A solution of `200 mL` of `1 M KOH` is added to `200 mL` of `1 M HCl` and the mixture is well shaken. The rise in temperature `T_(1)` is noted. The experiment is repeated by using `100 mL` of each solution and increase in temperature `T_(2)` is again noted. Which of the following is correct?

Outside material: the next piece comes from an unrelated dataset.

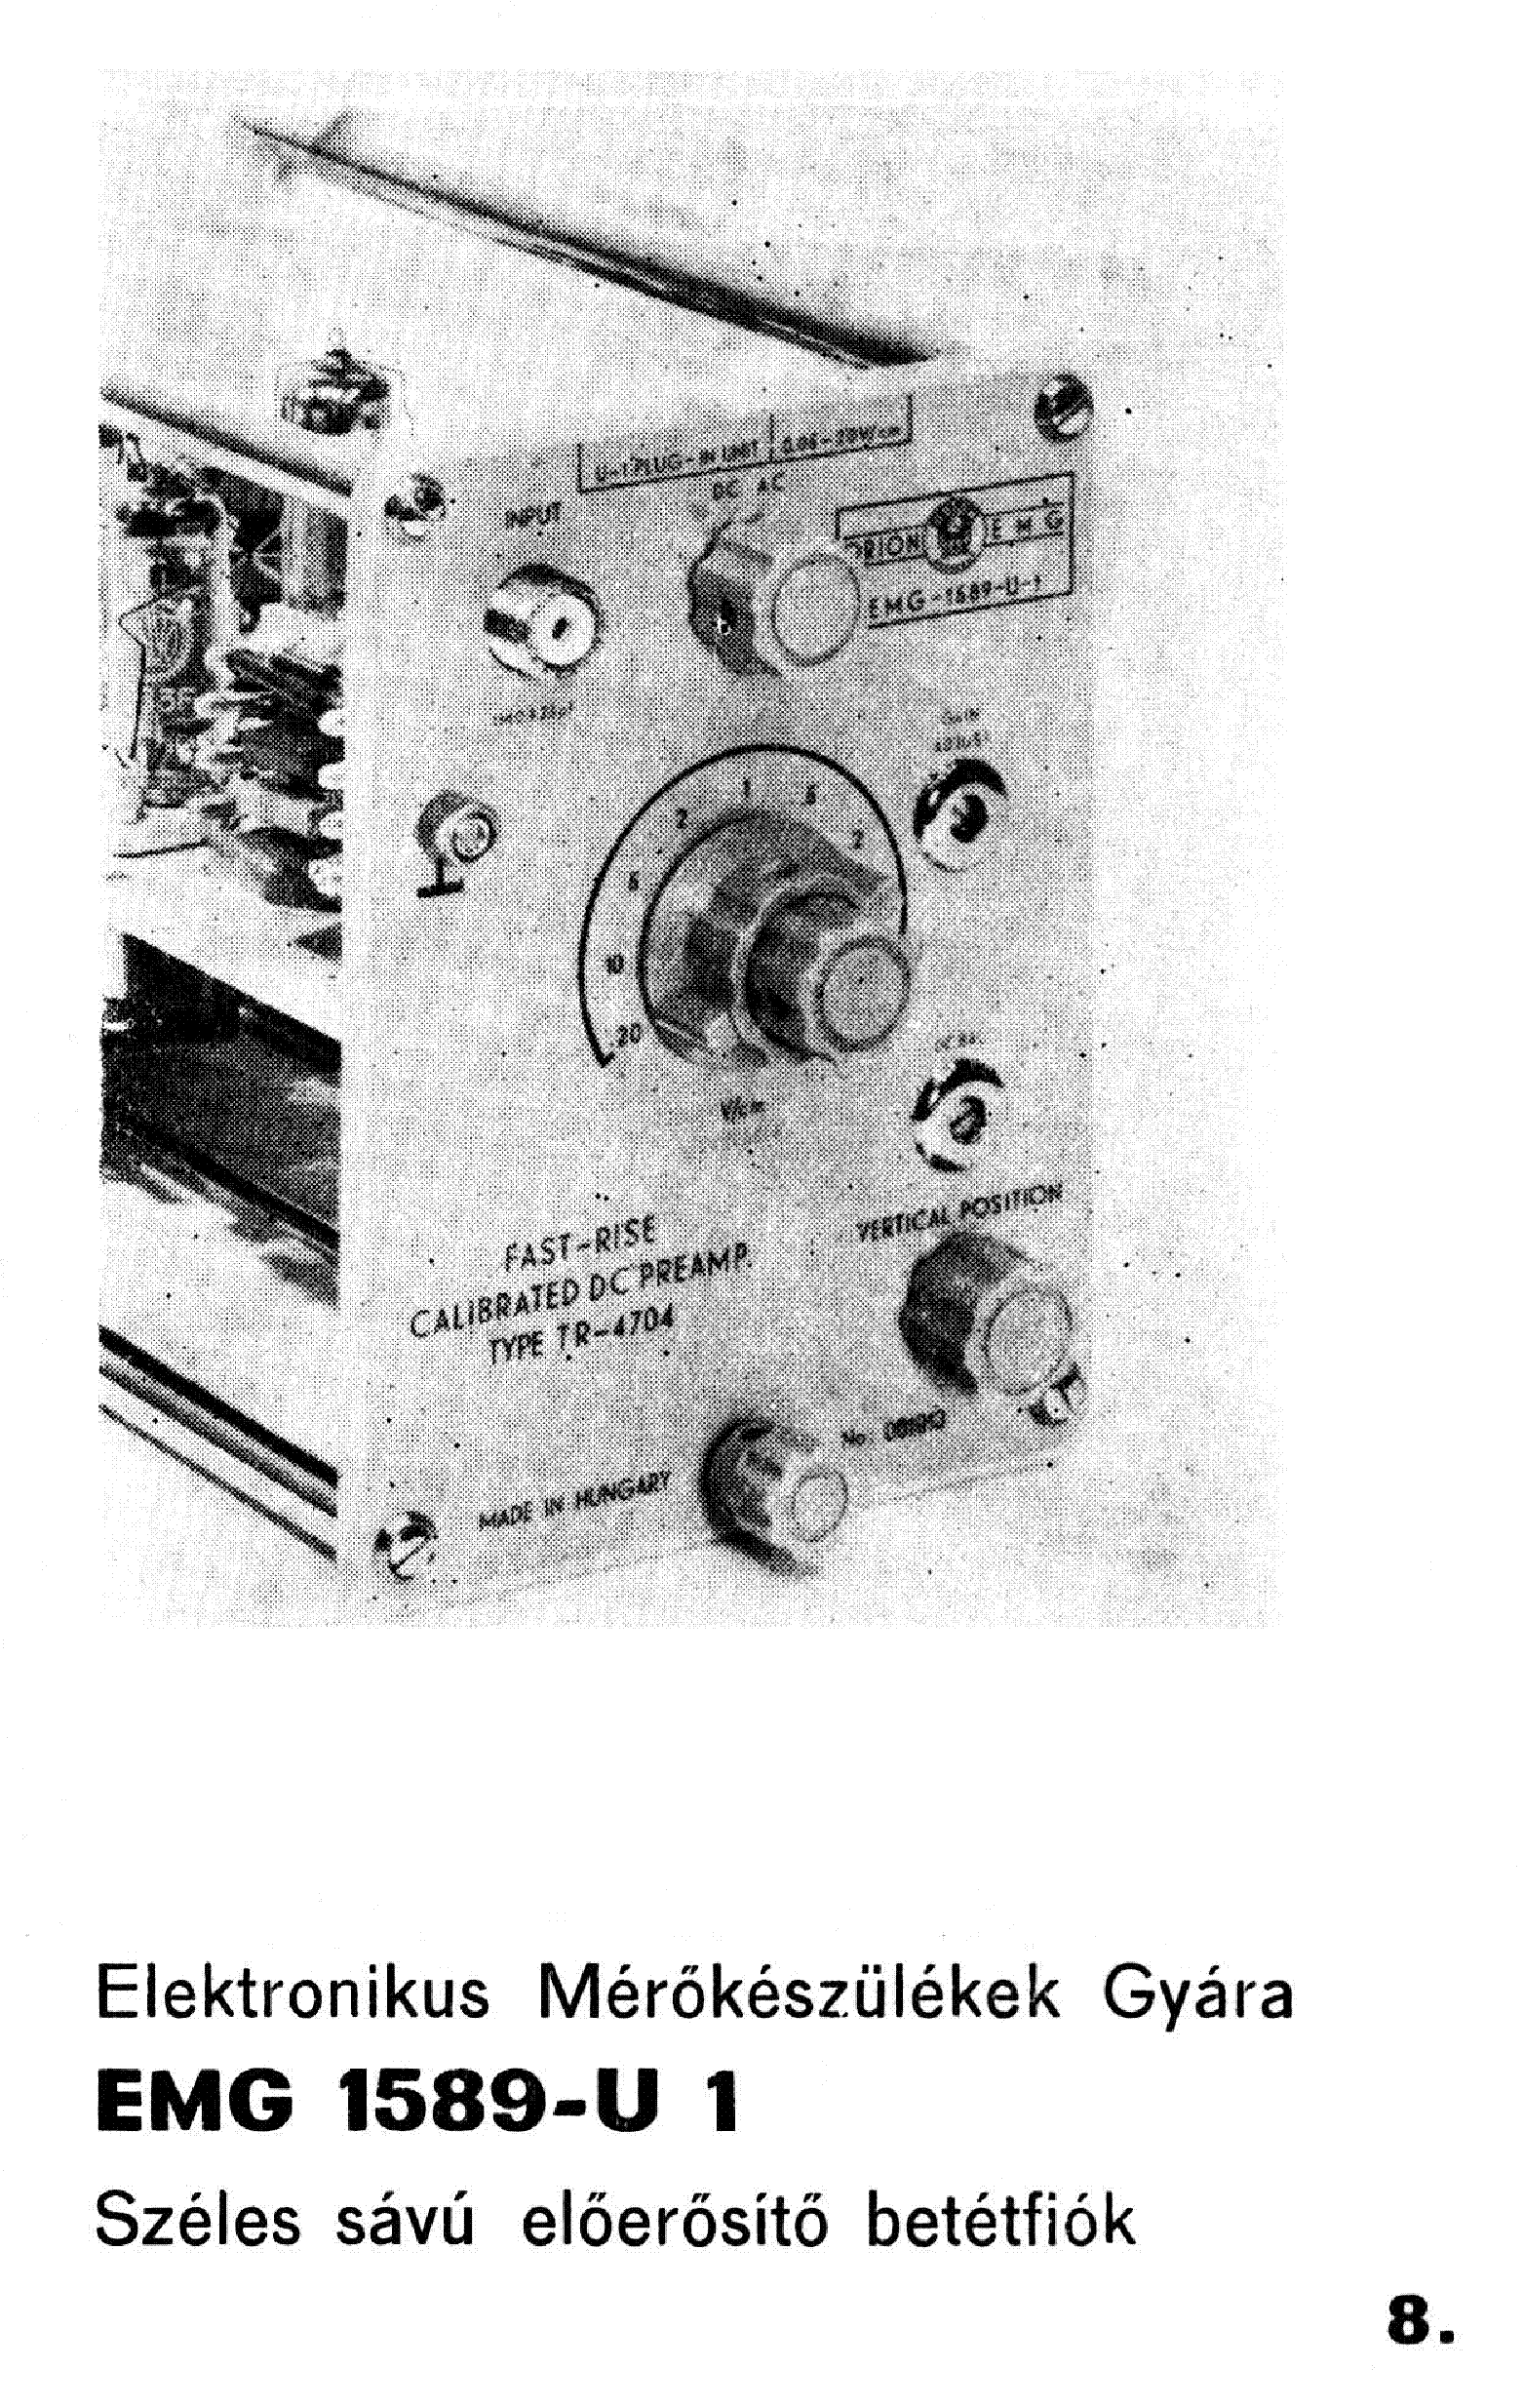 EMG 1589-U1 BETETFIOK service manual (1st page)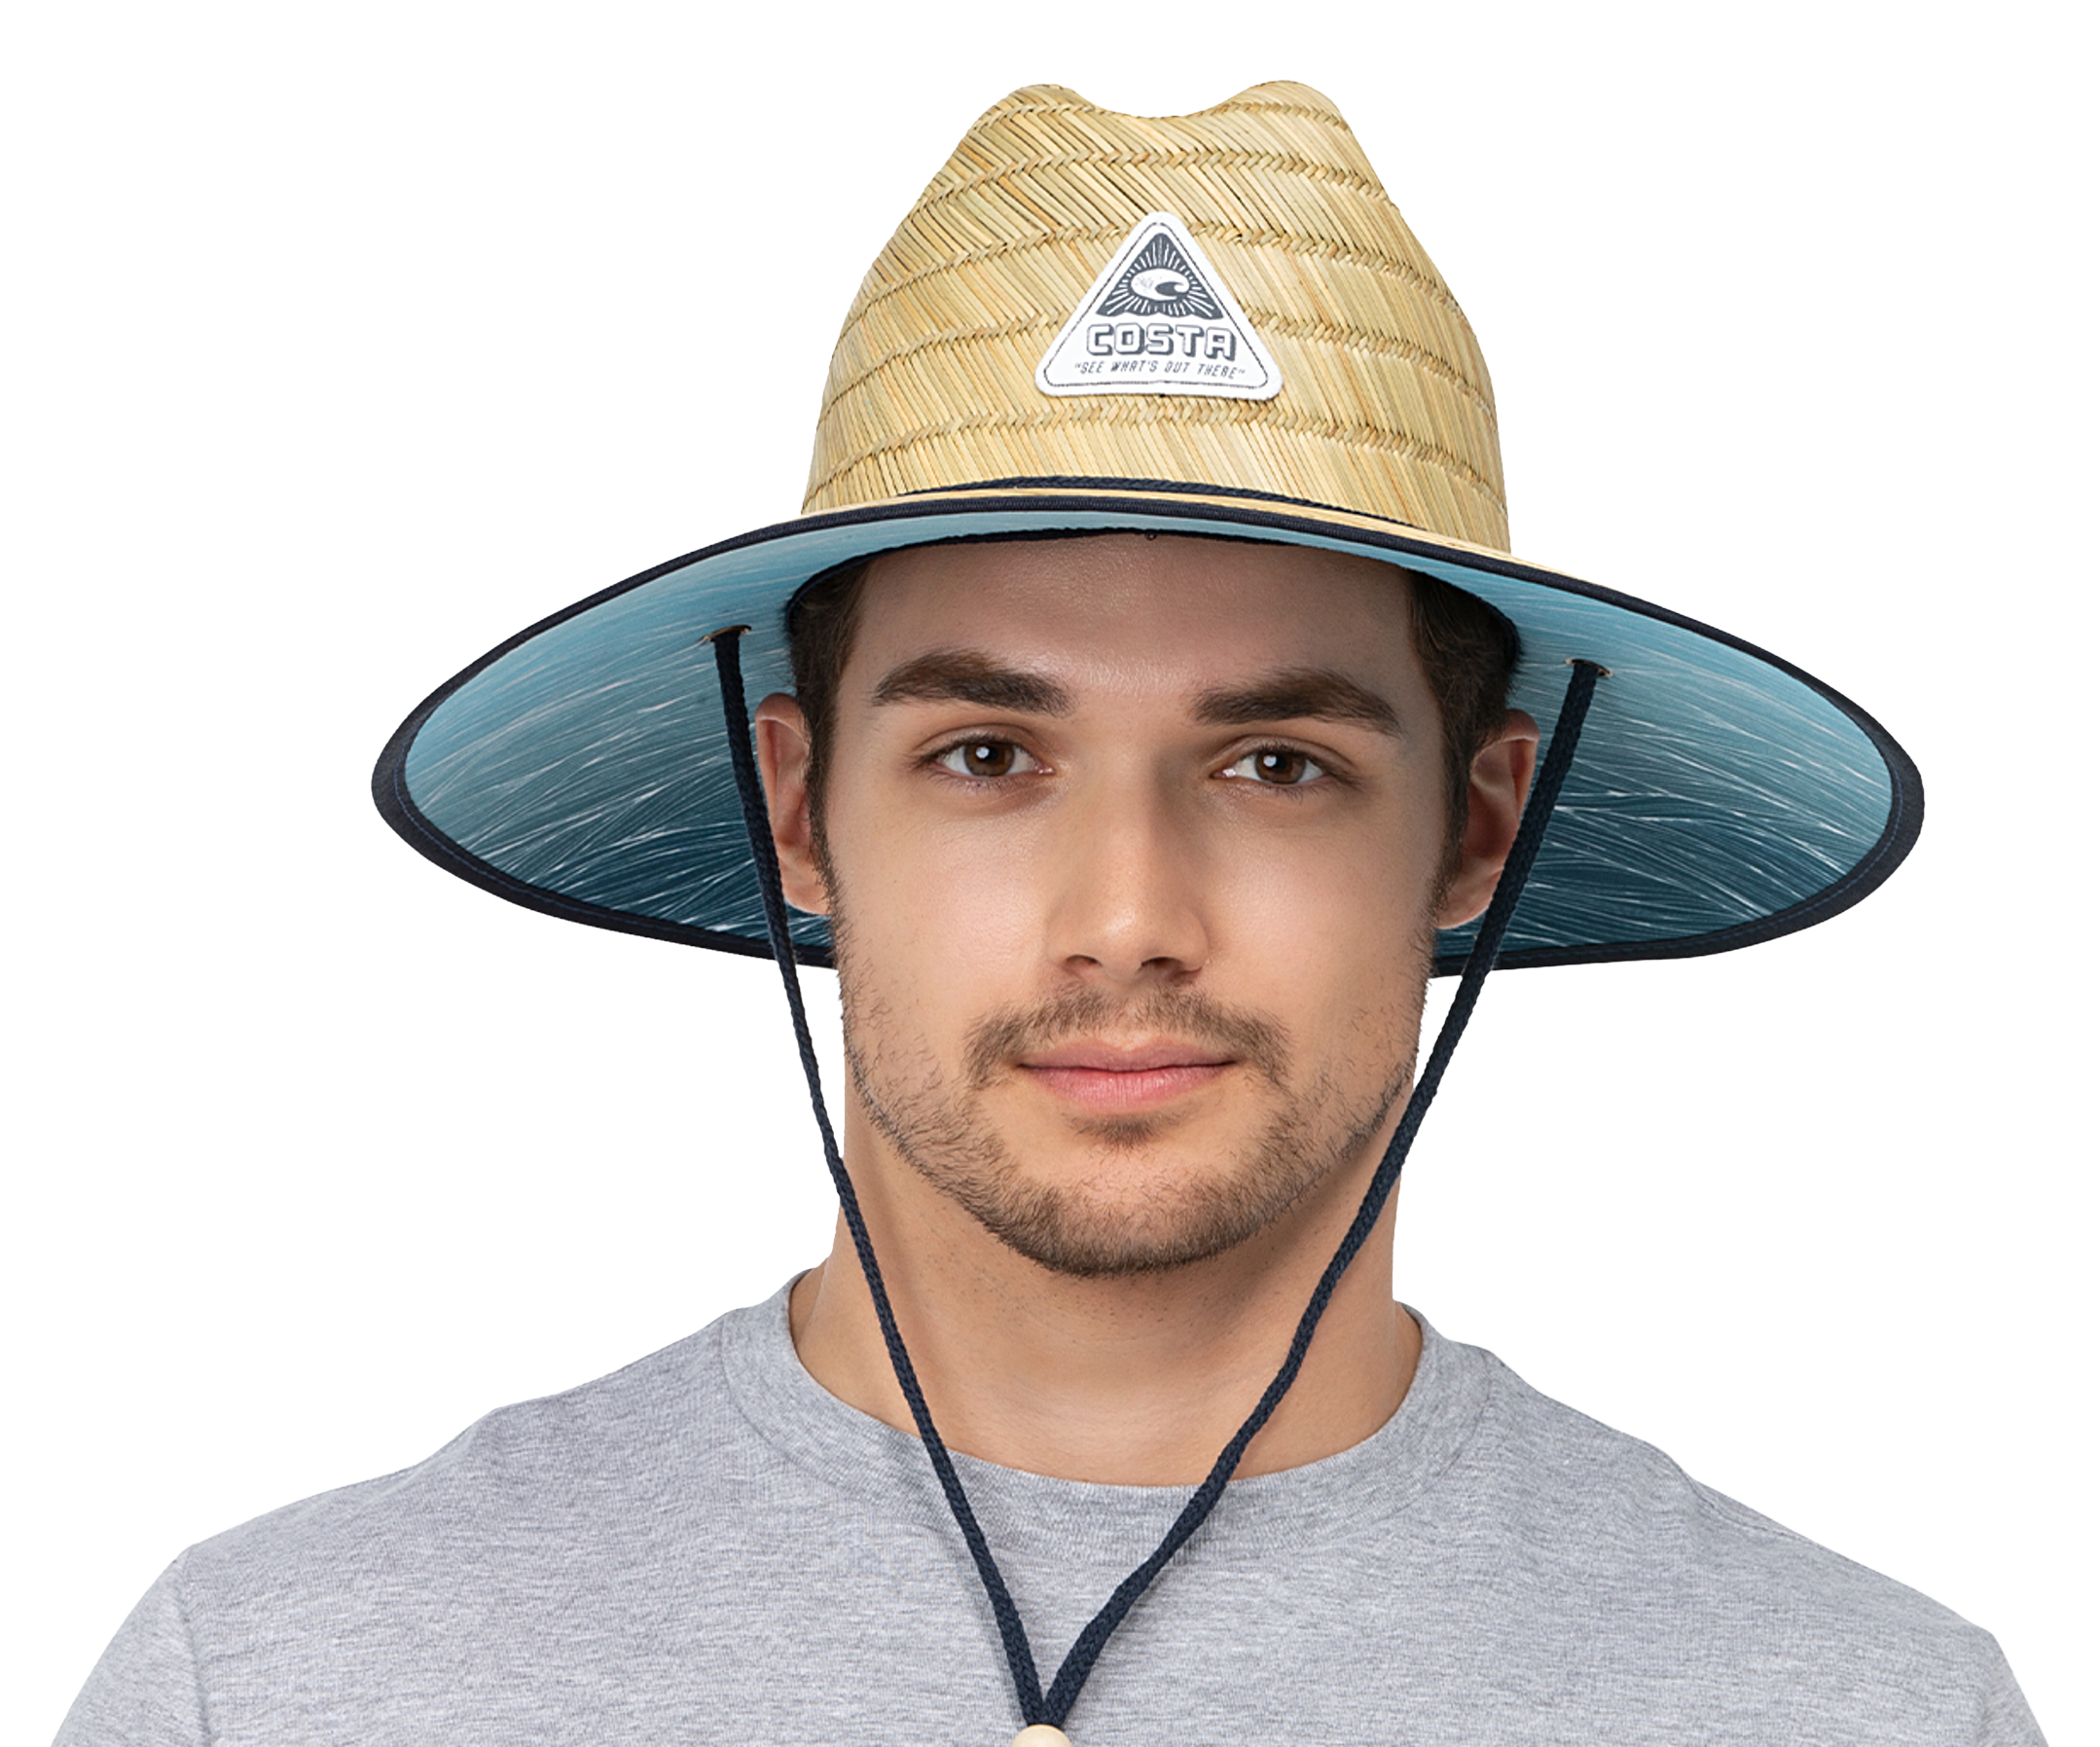 Costa Del Mar Lifeguard Swells Print Straw Hat

To solve the problem, we need to analyze the heat evolved during the neutralization reaction of KOH and HCl and how it affects the temperature rise in both scenarios. ### Step-by-Step Solution: 1. **Understanding the Reaction**: - KOH (potassium hydroxide) is a strong base, and HCl (hydrochloric acid) is a strong acid. When they react, they produce water and potassium chloride (KCl). - The reaction is: \[ \text{KOH} + \text{HCl} \rightarrow \text{KCl} + \text{H}_2\text{O} \] 2. **Heat Evolved in Neutralization**: - The heat evolved during the neutralization of 1 equivalent of a strong acid with a strong base is approximately 13.7 kcal (or 57.1 kJ). - Since both KOH and HCl are monobasic, 1 mole of KOH will neutralize 1 mole of HCl. 3. **Calculating Heat for 200 mL of 1 M Solutions**: - In the first case, we have 200 mL of 1 M KOH and 200 mL of 1 M HCl. - The total volume is 400 mL, and since both solutions are 1 M, we have 0.2 moles of KOH and 0.2 moles of HCl. - The heat evolved (q1) can be calculated as: \[ q_1 = 13.7 \text{ kcal} \times \frac{0.2 \text{ moles}}{1 \text{ mole}} = 13.7 \times 0.2 = 2.74 \text{ kcal} \] 4. **Calculating Heat for 100 mL of 1 M Solutions**: - In the second case, we have 100 mL of 1 M KOH and 100 mL of 1 M HCl. - The total volume is 200 mL, and we have 0.1 moles of KOH and 0.1 moles of HCl. - The heat evolved (q2) can be calculated as: \[ q_2 = 13.7 \text{ kcal} \times \frac{0.1 \text{ moles}}{1 \text{ mole}} = 13.7 \times 0.1 = 1.37 \text{ kcal} \] 5. **Relating Heat to Temperature Rise**: - The temperature rise (T) can be calculated using the formula: \[ q = m \cdot s \cdot \Delta T \] - Where: - \( q \) = heat evolved - \( m \) = mass of the solution (assuming density of water, 1 g/mL, for simplicity) - \( s \) = specific heat capacity (approximately 1 cal/g°C for water) - \( \Delta T \) = temperature rise 6. **Calculating Temperature Rise for Each Case**: - For the first case (200 mL + 200 mL): \[ 2.74 \text{ kcal} = 400 \text{ g} \cdot 1 \text{ cal/g°C} \cdot T_1 \] \[ T_1 = \frac{2.74 \times 1000 \text{ cal}}{400 \text{ g}} = 6.85 \text{ °C} \] - For the second case (100 mL + 100 mL): \[ 1.37 \text{ kcal} = 200 \text{ g} \cdot 1 \text{ cal/g°C} \cdot T_2 \] \[ T_2 = \frac{1.37 \times 1000 \text{ cal}}{200 \text{ g}} = 6.85 \text{ °C} \] 7. **Conclusion**: - Since both temperature rises \( T_1 \) and \( T_2 \) are equal, we conclude that: \[ T_1 = T_2 \] ### Final Answer: The correct conclusion is that \( T_1 = T_2 \).